▶ _Given material_
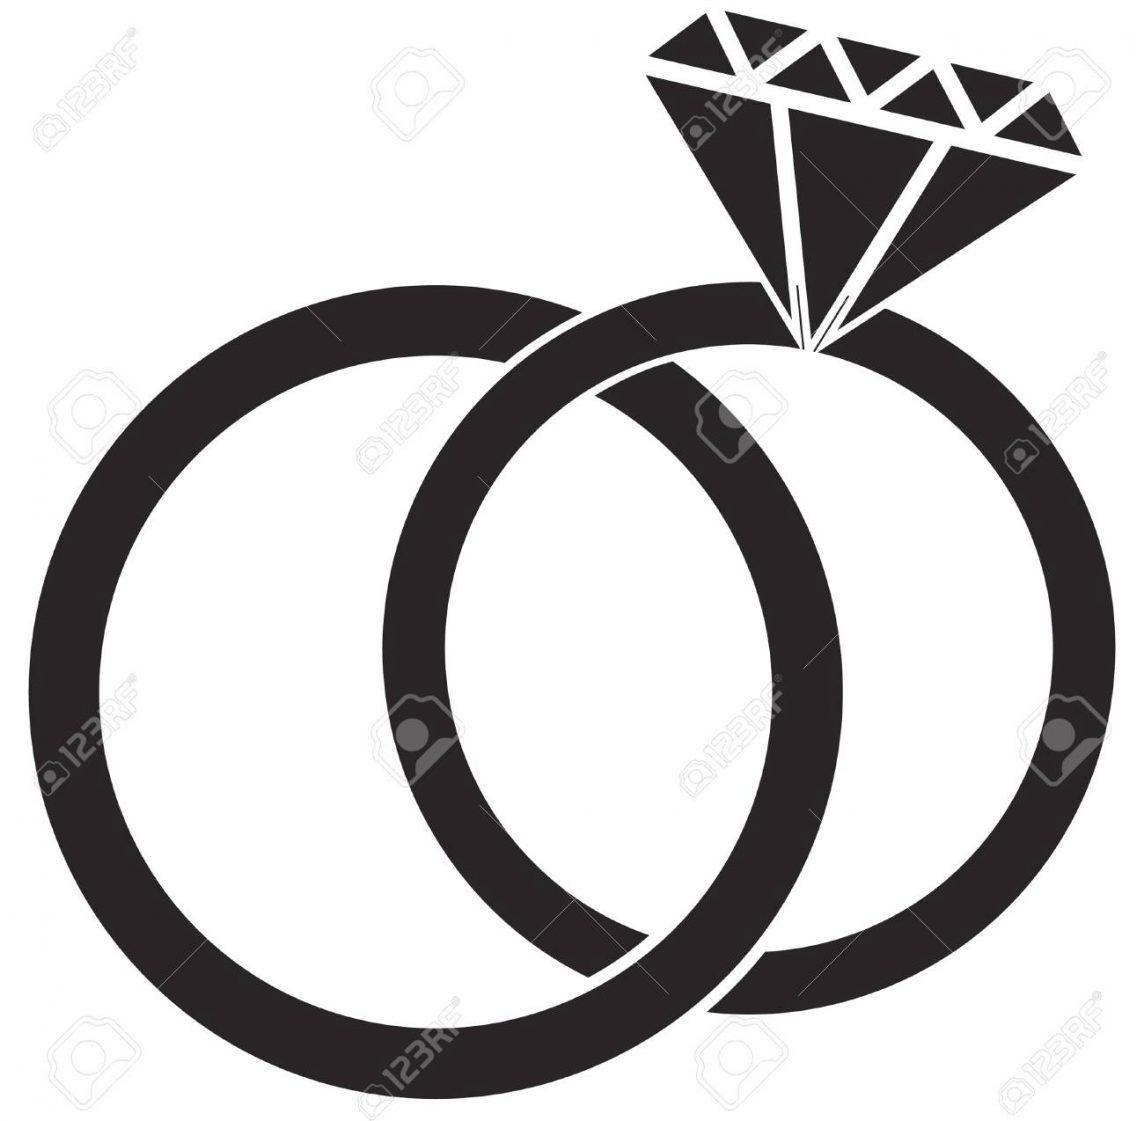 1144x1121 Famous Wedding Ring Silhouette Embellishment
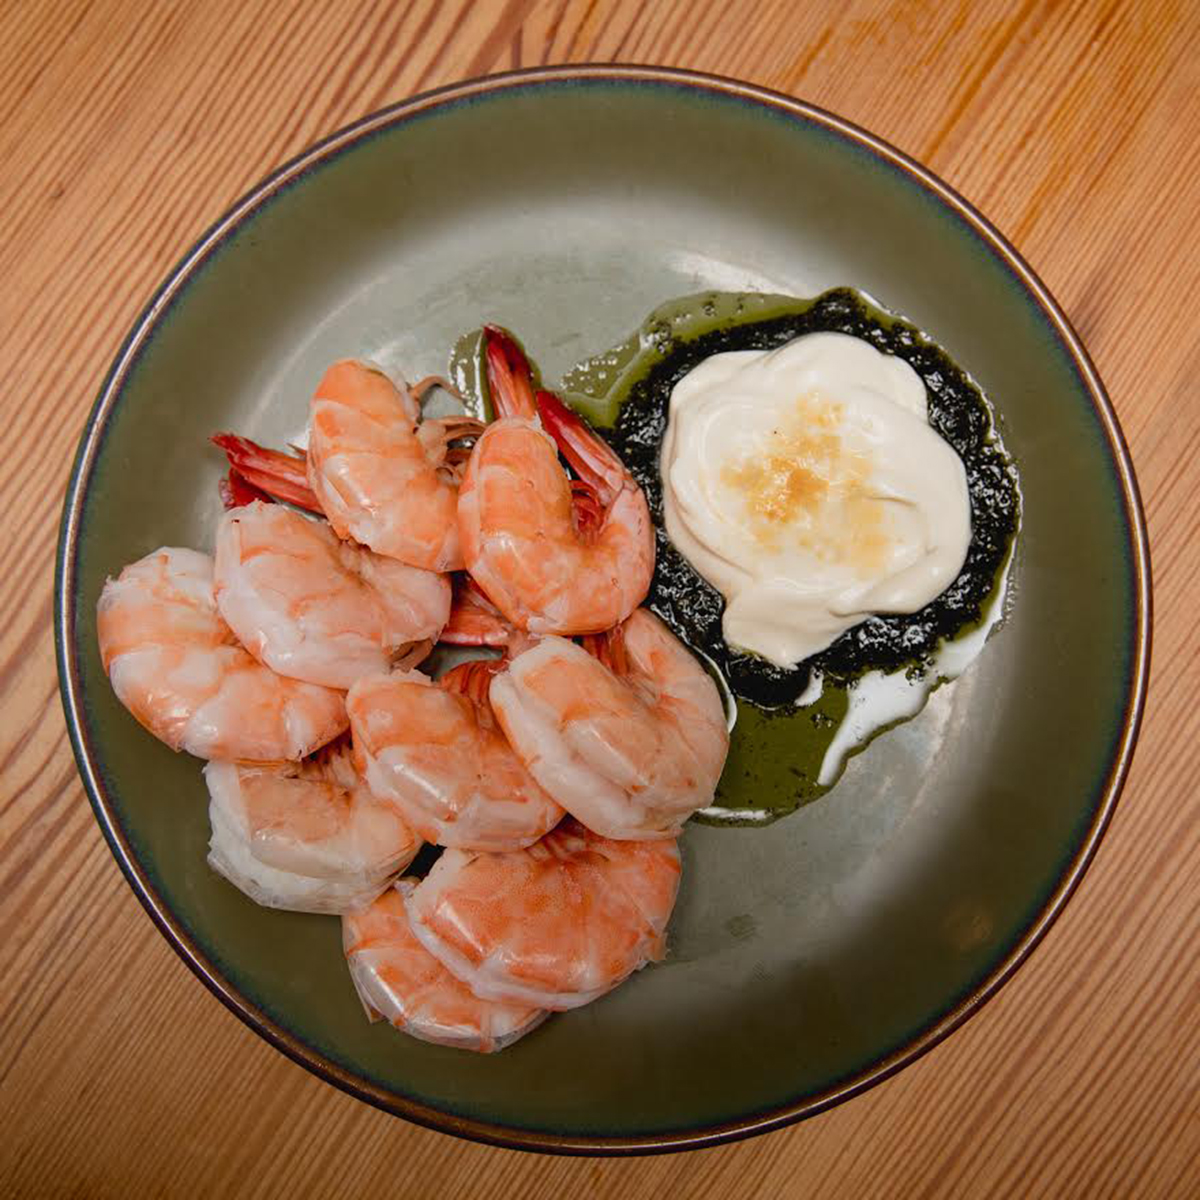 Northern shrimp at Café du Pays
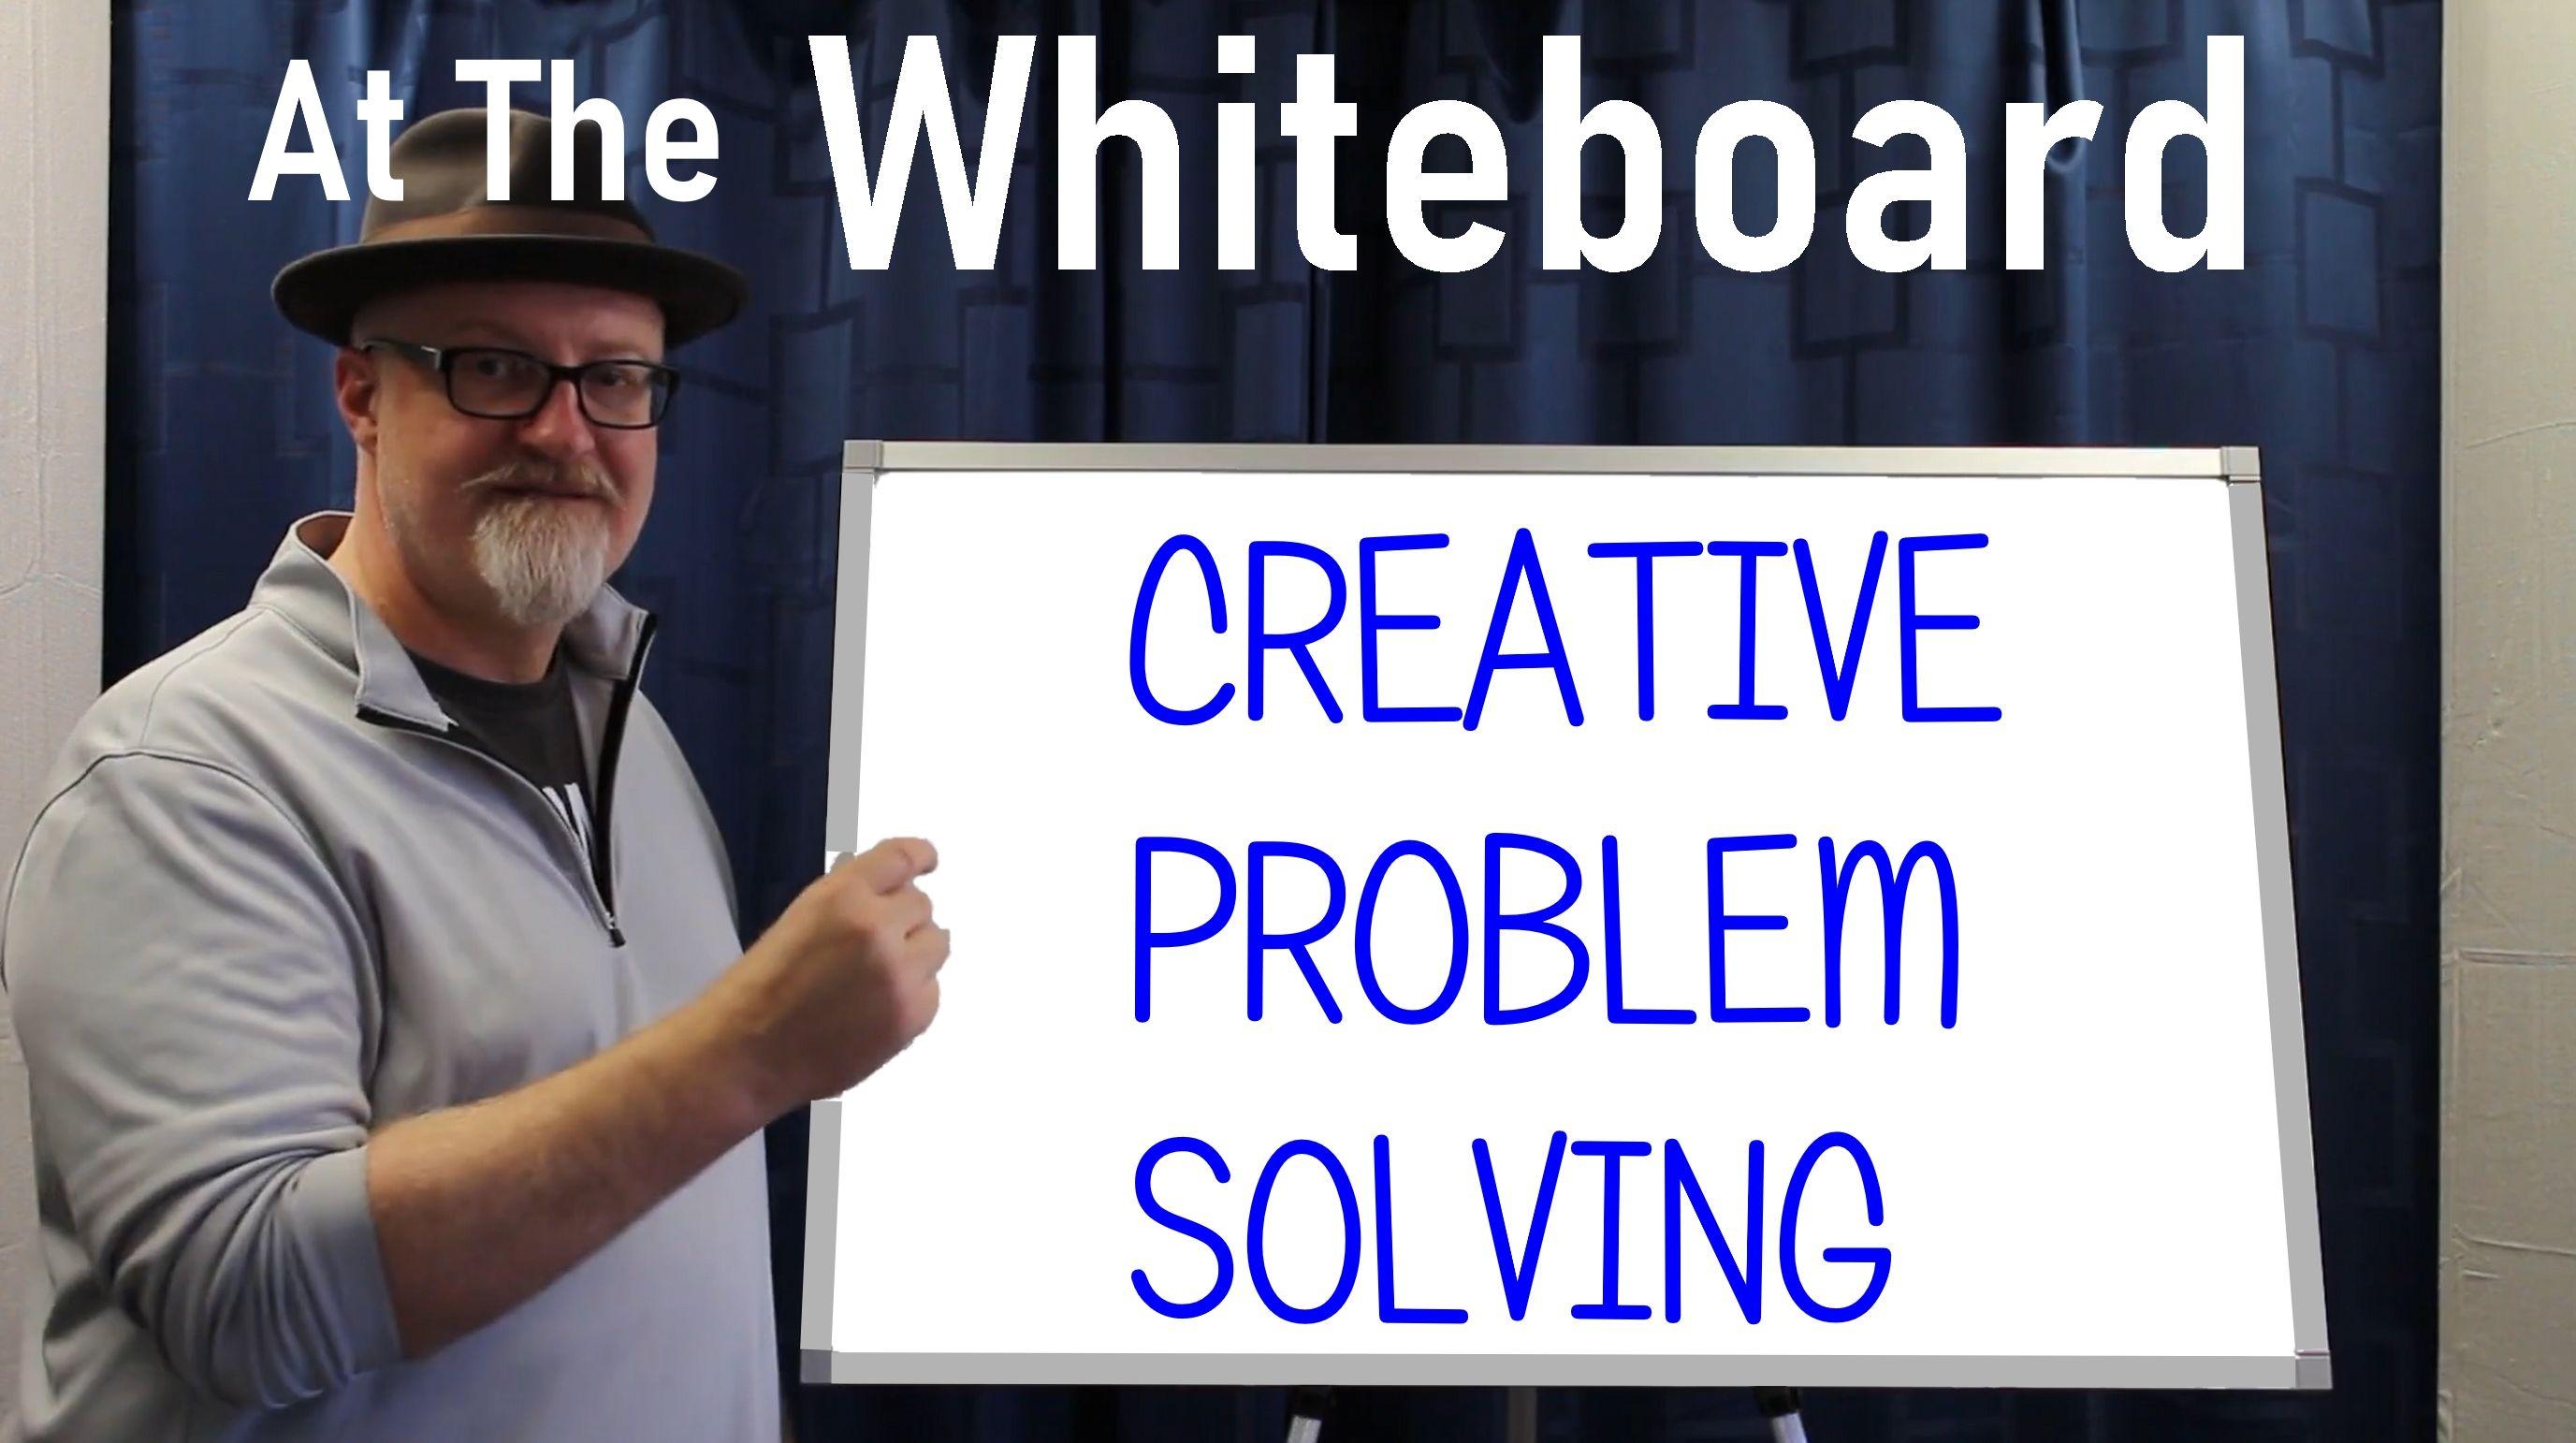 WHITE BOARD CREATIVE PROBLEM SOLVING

▶ _Exercise goal_
Could you set down the material above word for word while dropping its pictures?

▶ _Your response_
 1144x1121 Famous Wedding Ring Silhouette Embellishment
 Northern shrimp at Café du Pays
 WHITE BOARD CREATIVE PROBLEM SOLVING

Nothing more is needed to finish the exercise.